Let’s assume Andrew already knows all of this: it’s been with me for a year (I lost the bet a while ago and have long since surrendered to the new tomorrow), it knows how I like my eggs, it knows how the kitchen is laid out, et cetera.

The clock is ticking, Andrew has its instructions, and… I have misplaced the eggs.

See, I had a bit of a bender last night and, for reasons I can’t remember and Andrew can’t begin to comprehend, moved the egg carton out of its usual spot in the fridge and into the cupboard under the sink. This is totally irrational behavior and Andrew now has no better option than to search through the kitchen and hope they turn up in time. Worse, during last night’s bender, I wound up spilling some wine all over the carpet, which Andrew only became aware of when I activated it just now.

The resulting situation disrupts anything like a regular, routine plan of action. The clock is ticking. Should Andrew take the time to search for the eggs (and if so, how does it carry out such a search?) or try to get a new carton? If it chooses to search, when does it stop? It needs to not only understand its environment well enough to know where something should be, but where it might have gone if it is not in its intended place.
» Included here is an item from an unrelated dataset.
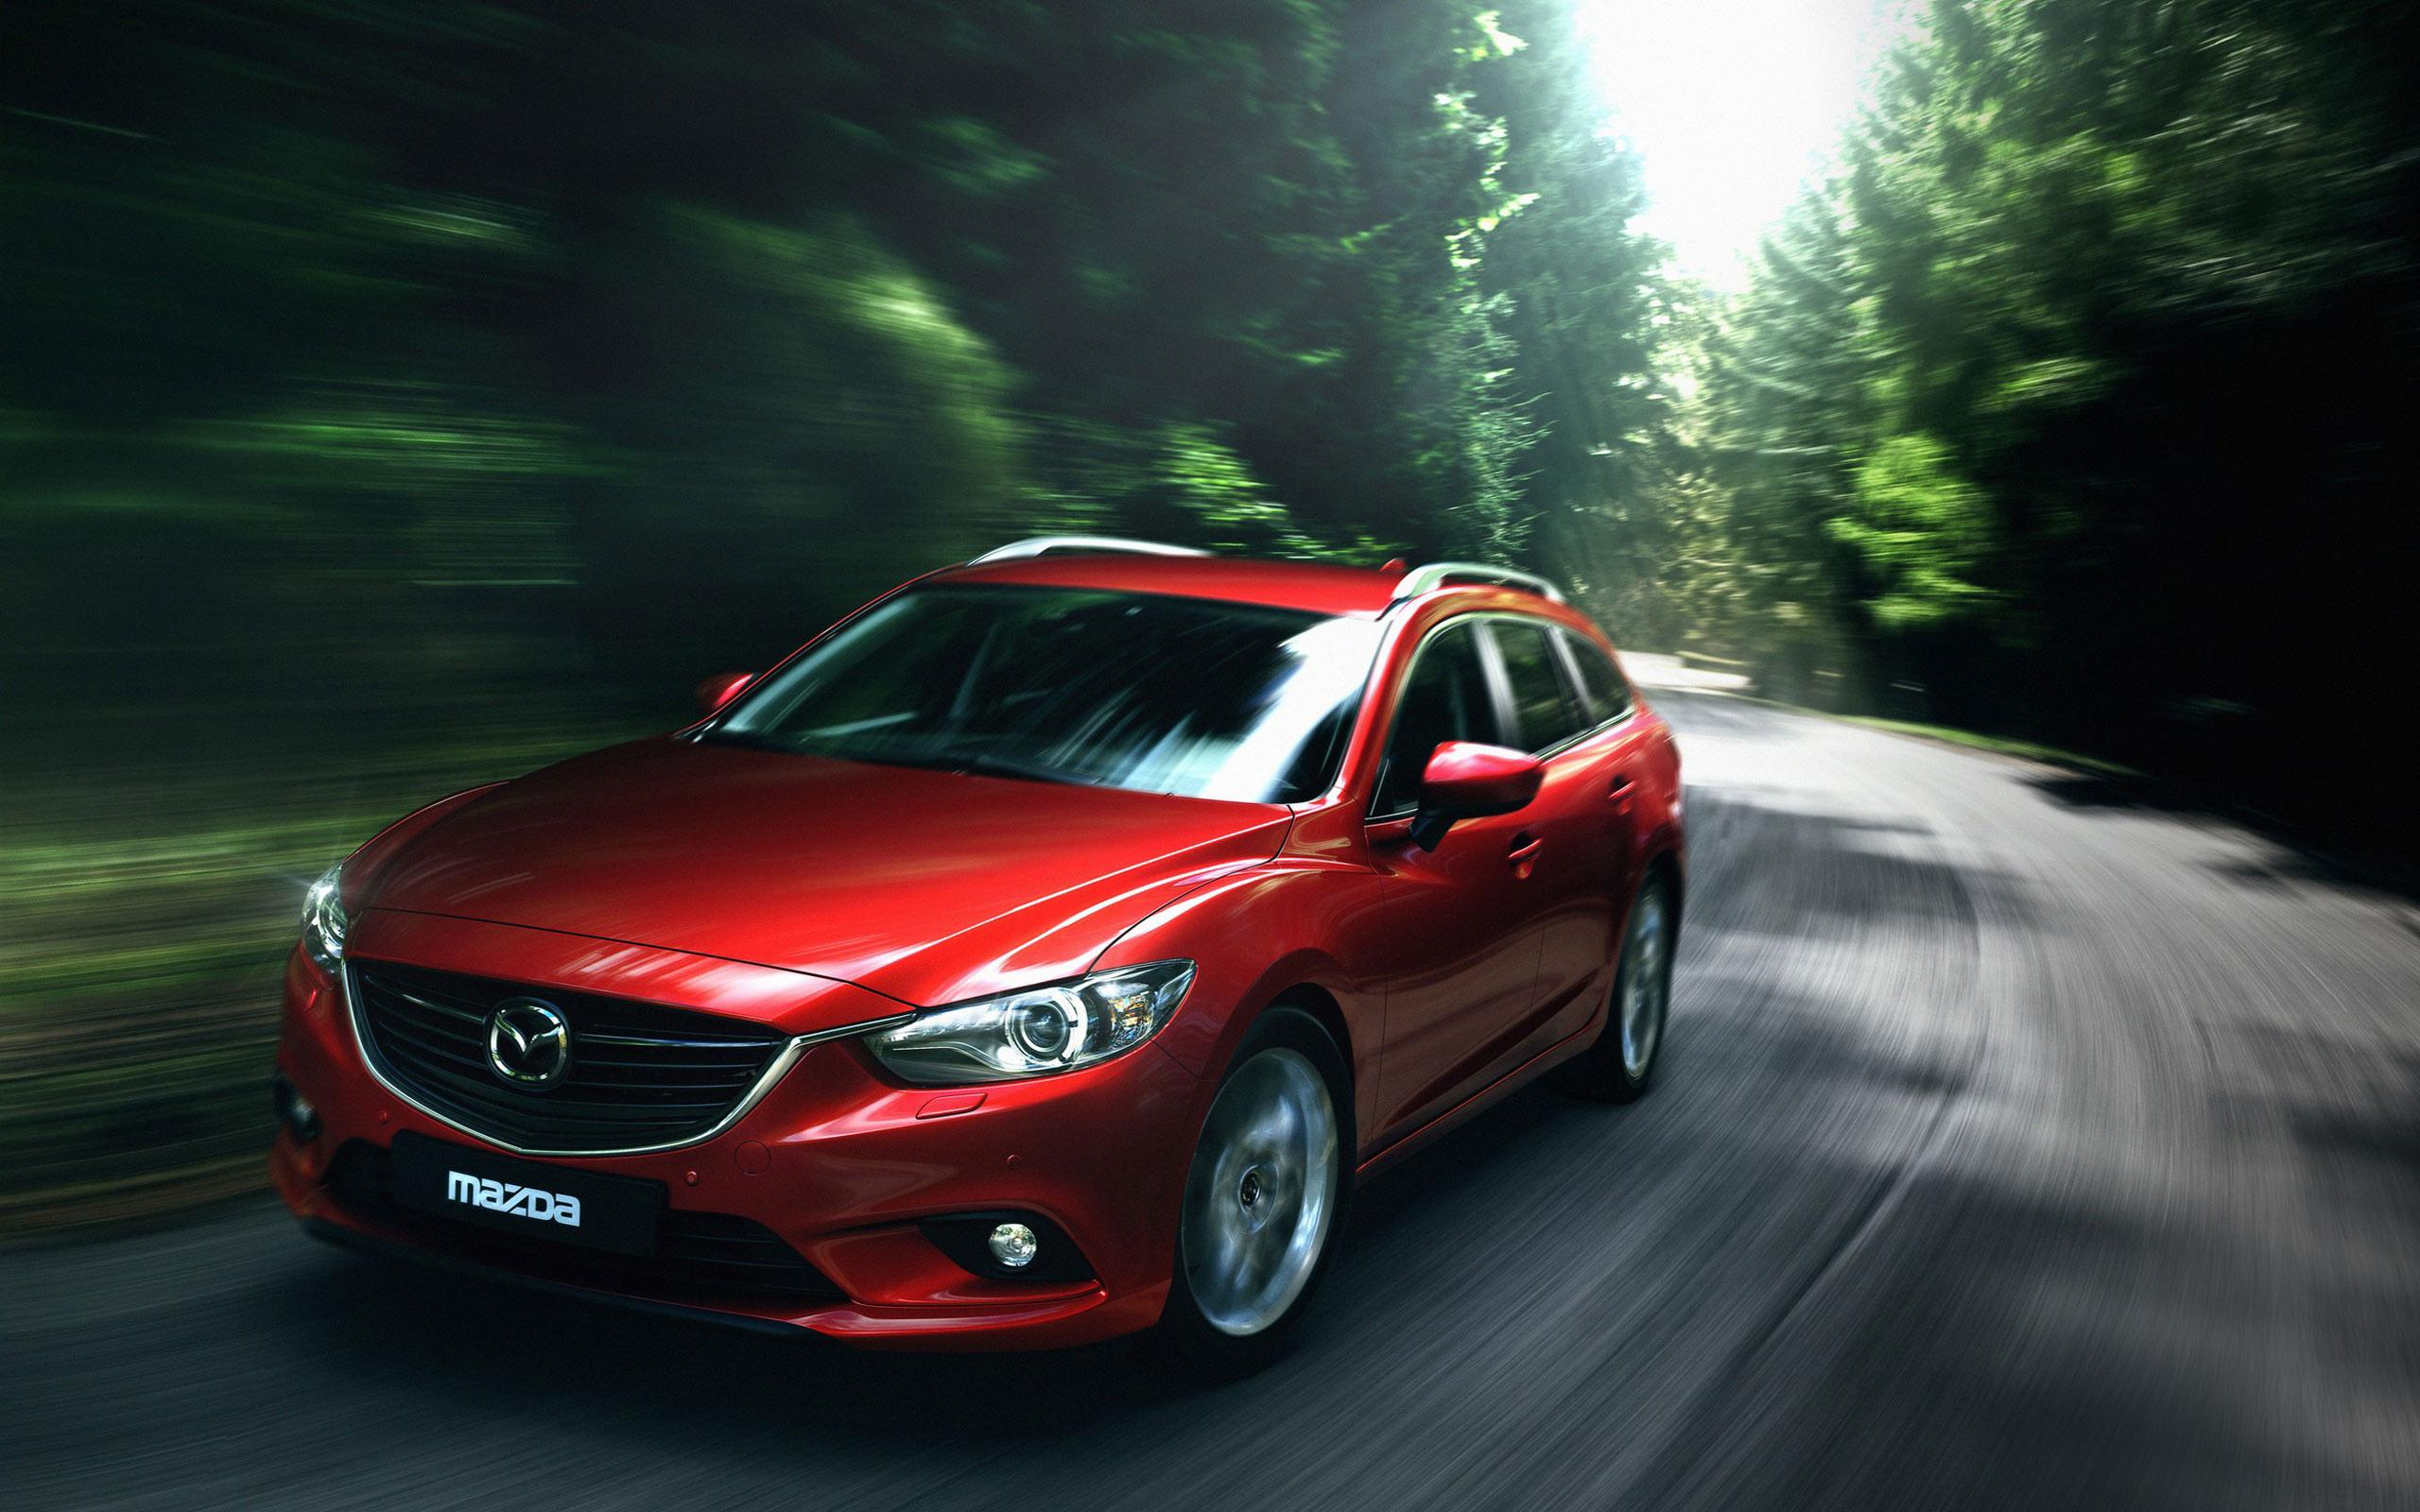 2013 Mazda 6 Wagon Wallpaper | HD Car Wallpapers | ID #3075

Should it leave the carpet be for the moment, prioritizing breakfast, or try cleaning the carpet now, or rolling it up and storing it? Given our previous handwaving, it is conceivable that the robot has already developed a sense of how I would prefer it to act, whether by observing me over the past year (implicit) or by defining such preferences during installation (explicit). But it needs to develop such a model; it cannot just be an unsophisticated action-doer, it needs to be a contextual agent.

Does Andrew know where the hydrogen peroxide is, or where it would make sense to temporarily store a dirty carpet? Its model of the home must include not only present objects, but also voids, places which are presently empty but where things could go.
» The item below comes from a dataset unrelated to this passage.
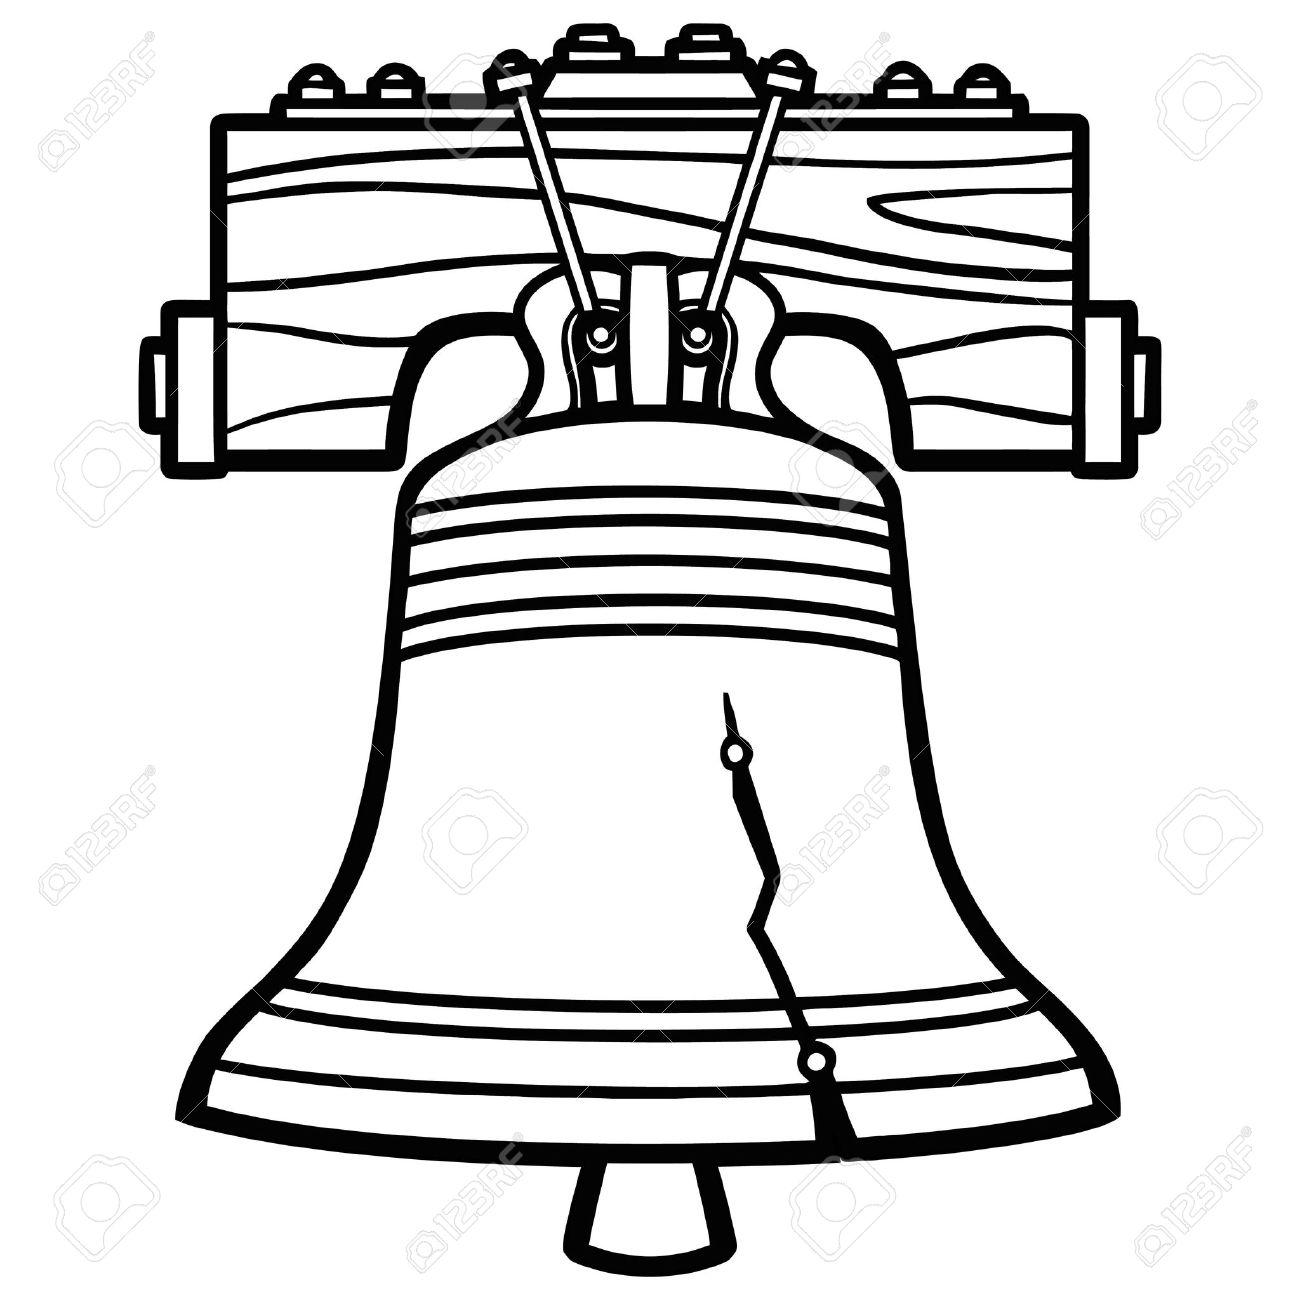 1300x1300 Liberty Bell Illustration Royalty Free Cliparts, Vectors,

Because these are literally everyday tasks that humans can perform with very little effort, we tend to underestimate how complex they actually are and how our ability to perform them reflects profound models of our environment, models which we are far from instantiating in machines. For further discussion, see David Chapman on dancing robots.1

These may seem like pointless contrivances, but I assure you they are not. Even if the robot can translate natural language into action, this is insufficient. It must not only create and maintain a full model of my home, complete with an understanding of each object within it and the purposes to which those objects can be put, even as some objects are transformed, but it must also act in accordance with a model of my needs and desires (and, almost certainly, some model of ethics and law) and take actions I did not even implicitly state in order to fulfill them. Worse, it must integrate its model of my desires with its environmental model and be on constant alert for deviations, such as wine stains on the carpet.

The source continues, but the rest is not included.